7. The spot generator (10) as claimed in claim 1, wherein every light spot generated on the exit side (18) by the spot generator (10) differs from every other light spot generated on the exit side by the spot generator in the projection of its position on a plane essentially perpendicular to the mean propagation direction of the exit light beam (20).

8. The spot generator (10) as claimed in claim 1, wherein the light spots of the plurality of separate light spots have identical spectra.

9. The spot generator (10) as claimed in claim 1, wherein the spot generator (10) comprises a periodic binary phase structure.

10. A multi-spot scanning microscope (36) comprising: a spot generator (10) as claimed in claim 1,a sample assembly (38) for holding a sample to be illuminated via the spot generator,imaging optics (40) arranged to collect light from the first and from the second focal planes (24, 28) of the spot generator, anda pixelated photodetector (42) arranged to detect light collected by the imaging optics.

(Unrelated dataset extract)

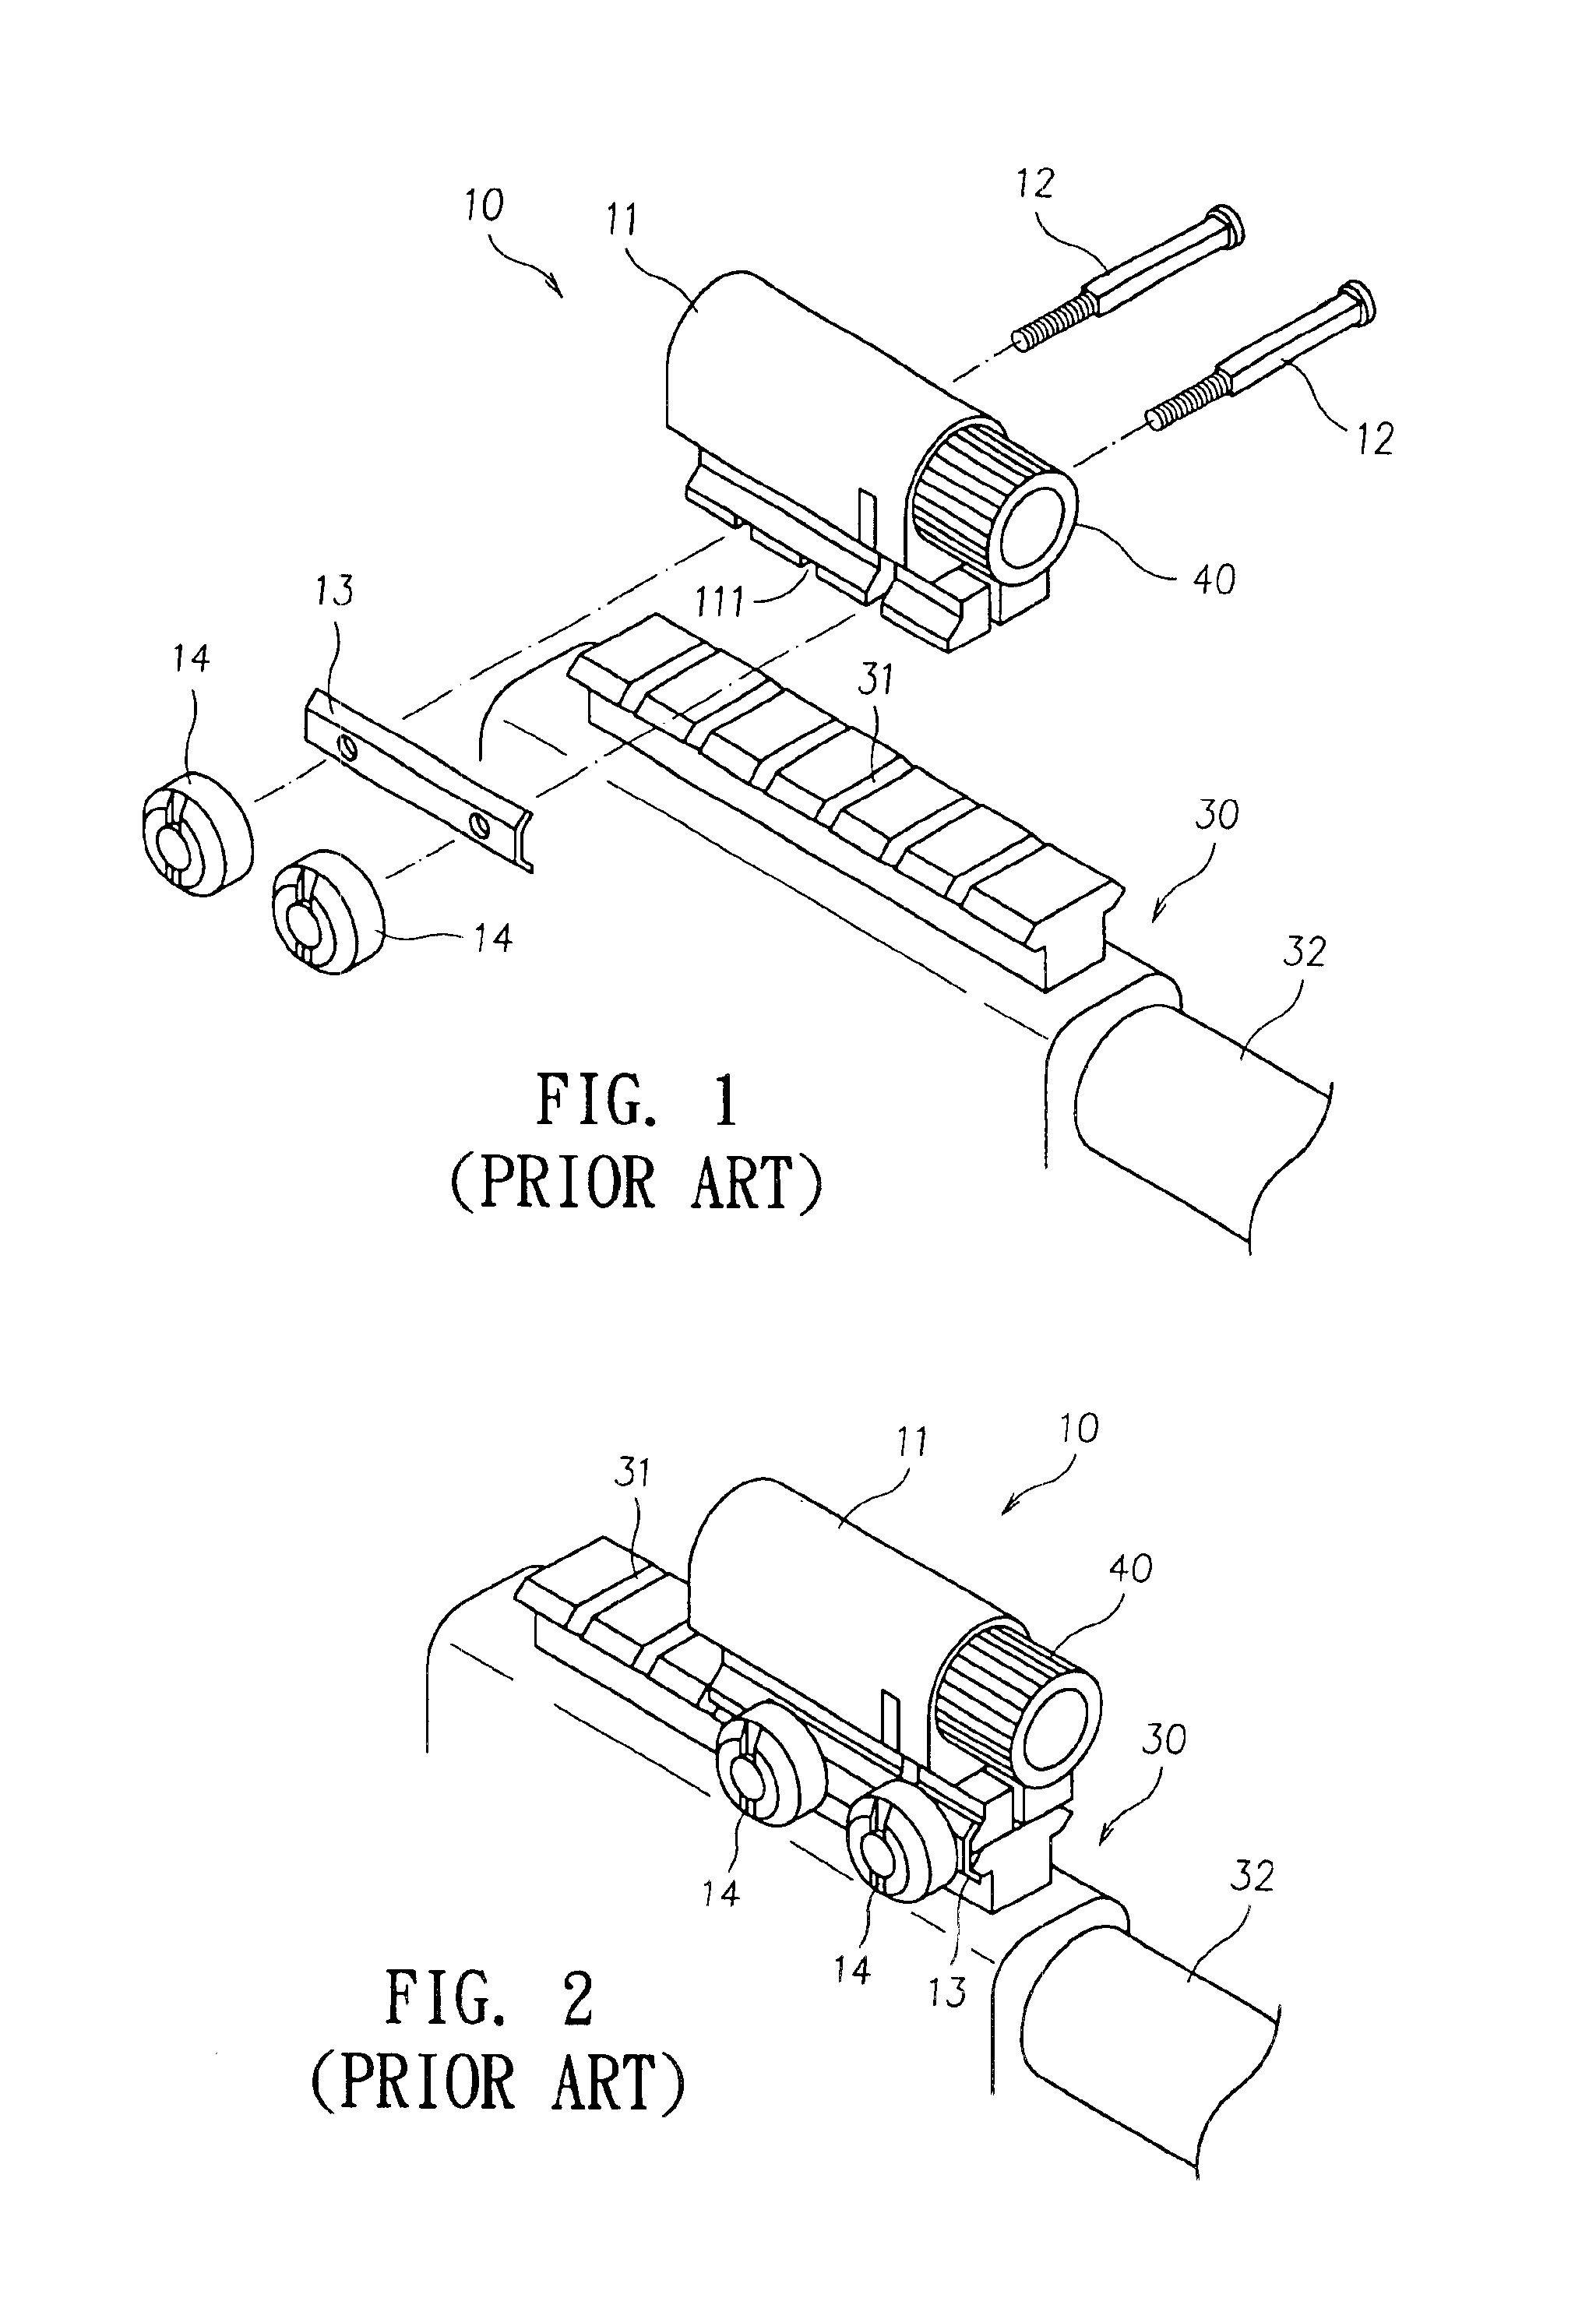 Connecting device for weapon accessory
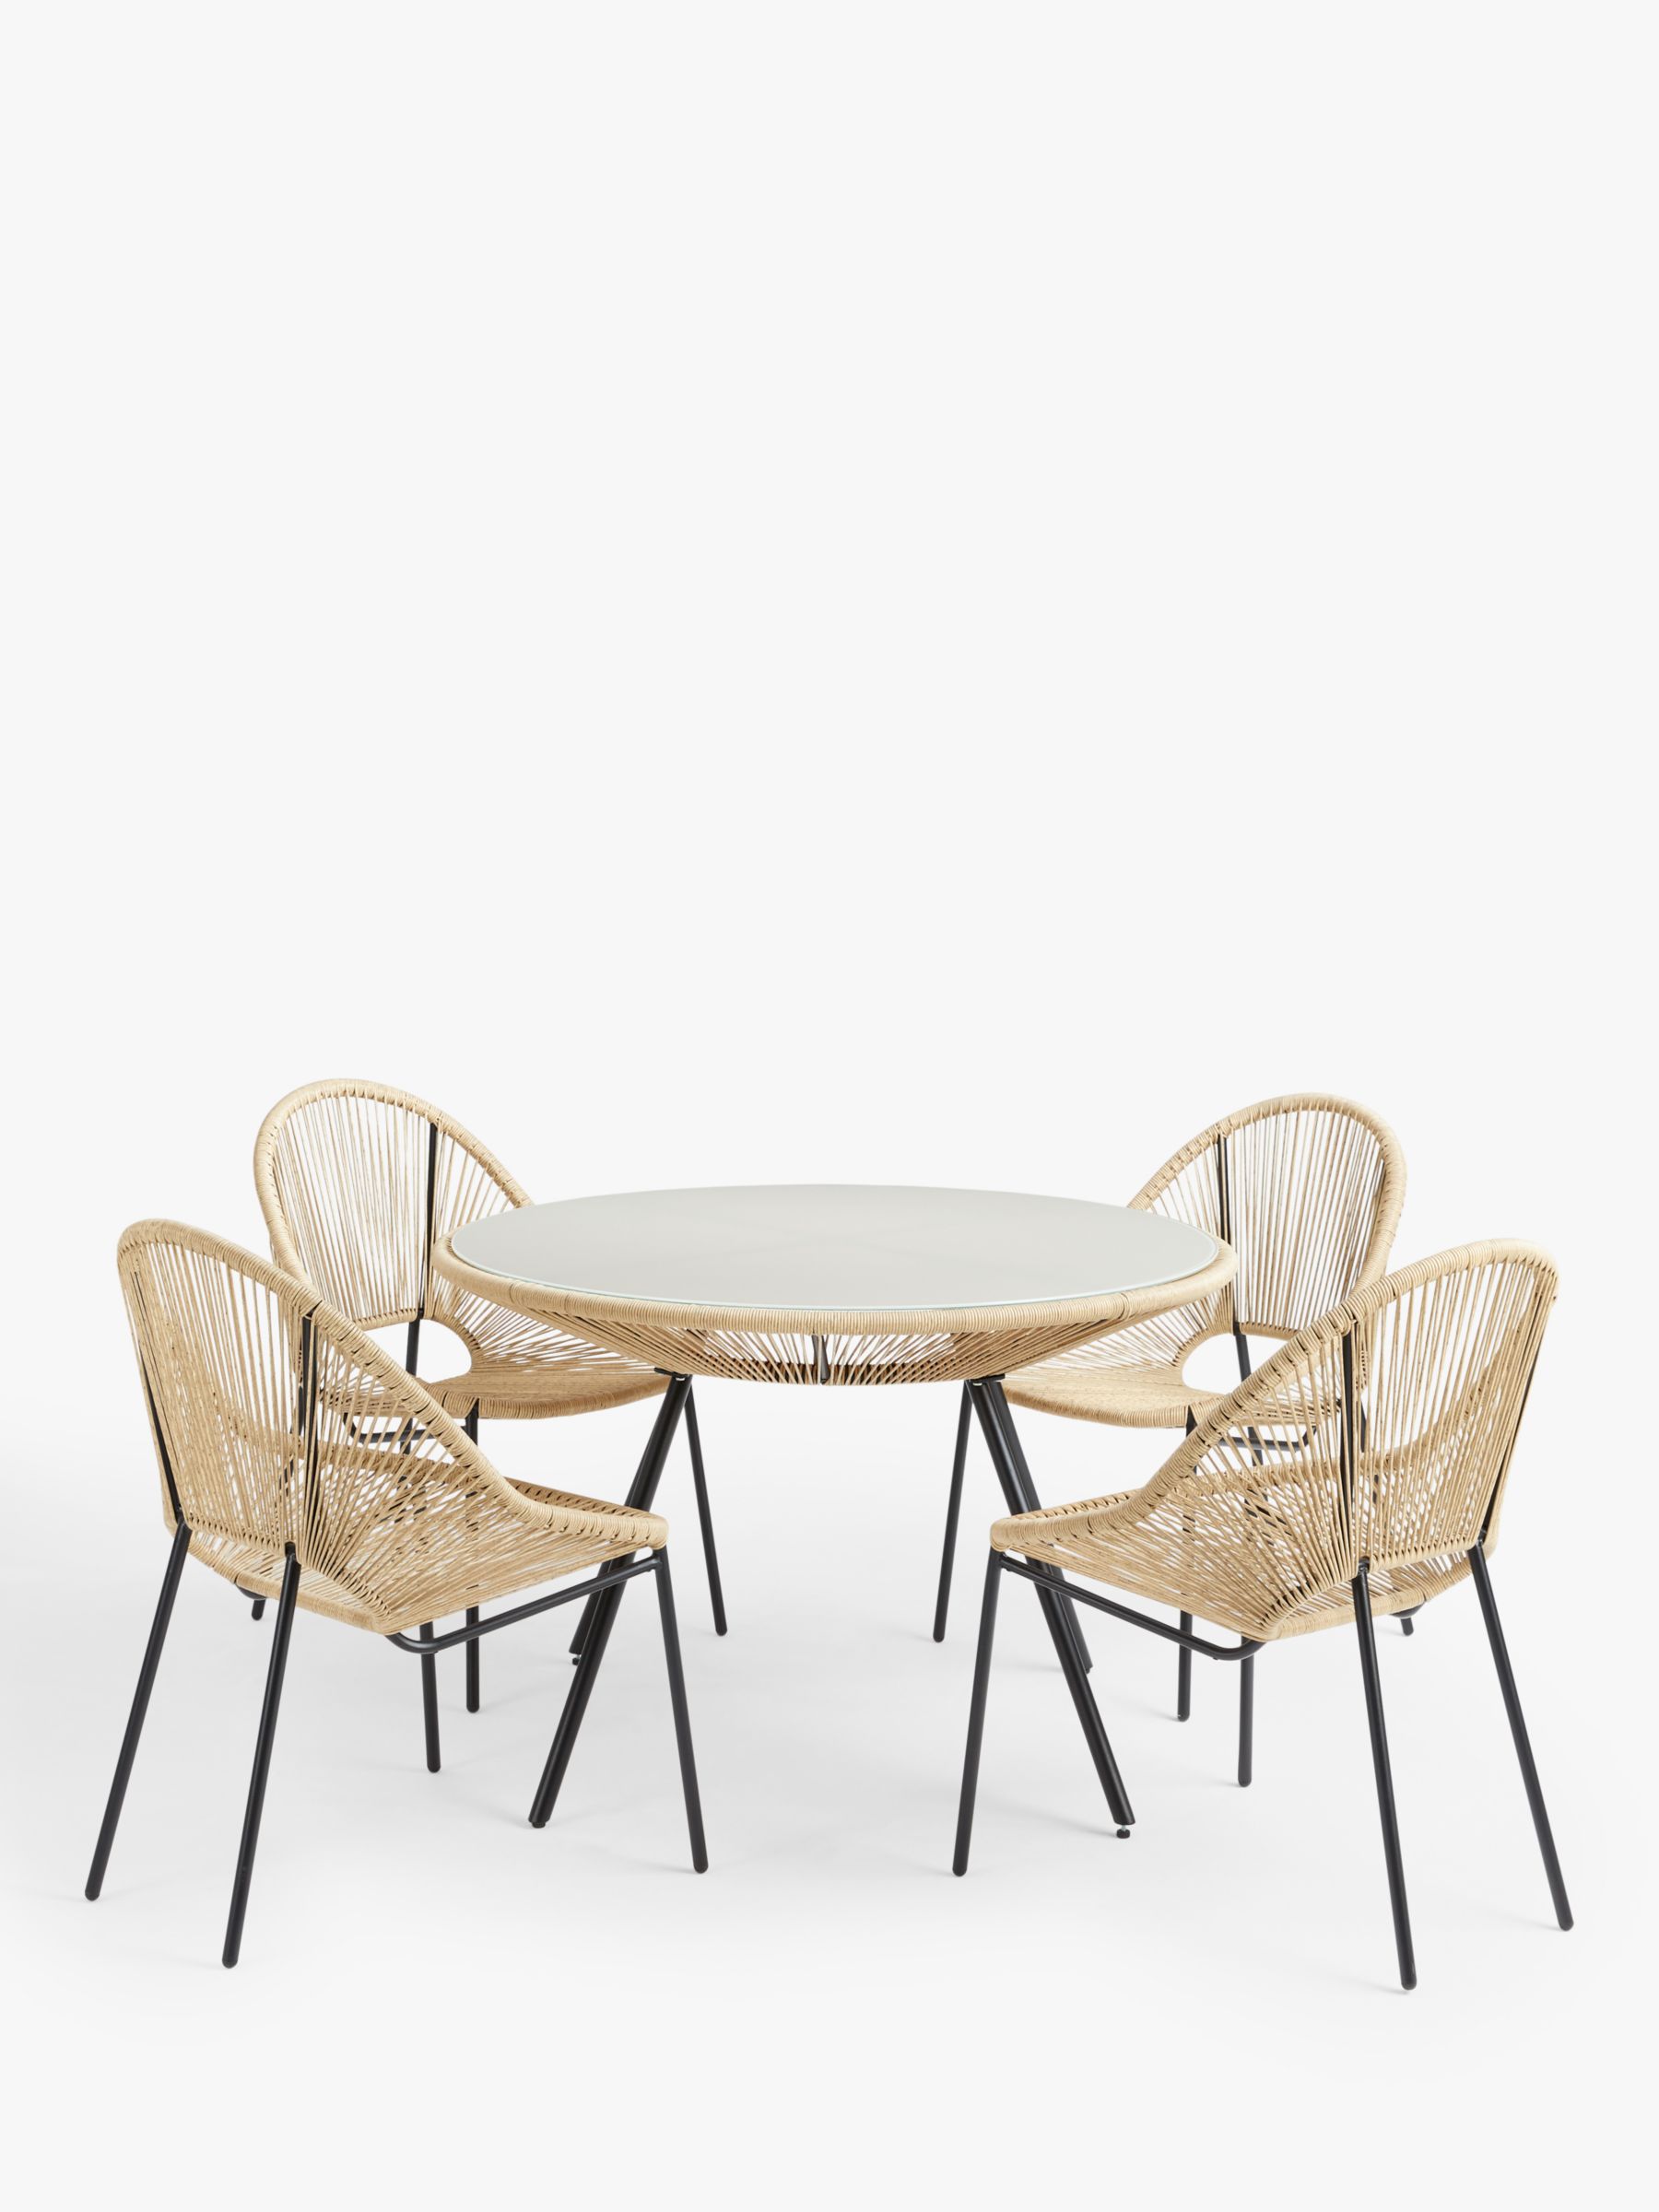 Photo of John lewis salsa 4-seater round garden dining table & chairs set

11. A method of generating an image of a microscopic sample, comprising the steps of: placing a spot generator (10) in front of the sample;directing a light beam (20) onto the spot generator to generate a plurality of separate light spots in the sample, the plurality of light spots comprising a first light spot (22) centred in a first focal plane (24) and a second light spot (26) centred in a second focal plane (28), the first focal plane (24) and the second focal plane (26) being essentially perpendicular to the mean propagation direction of the light beam leaving the spot generator, wherein the first light spot differs from every other light spot generated within the sample by the spot generator in the projection of its position on a plane essentially perpendicular to the mean propagation direction of the light beam leaving the spot generator;detecting light from the first light spot (22) while simultaneously detecting light from the second light spot (26).

12. The method as claimed in claim 11, comprising the additional step of: generating a three-dimensional image of the sample.

13. The method as claimed in claim 11, comprising the additional step of: generating a phase contrast image of the sample.

14. The method as claimed in claim 11, comprising the additional step of: electronic focussing.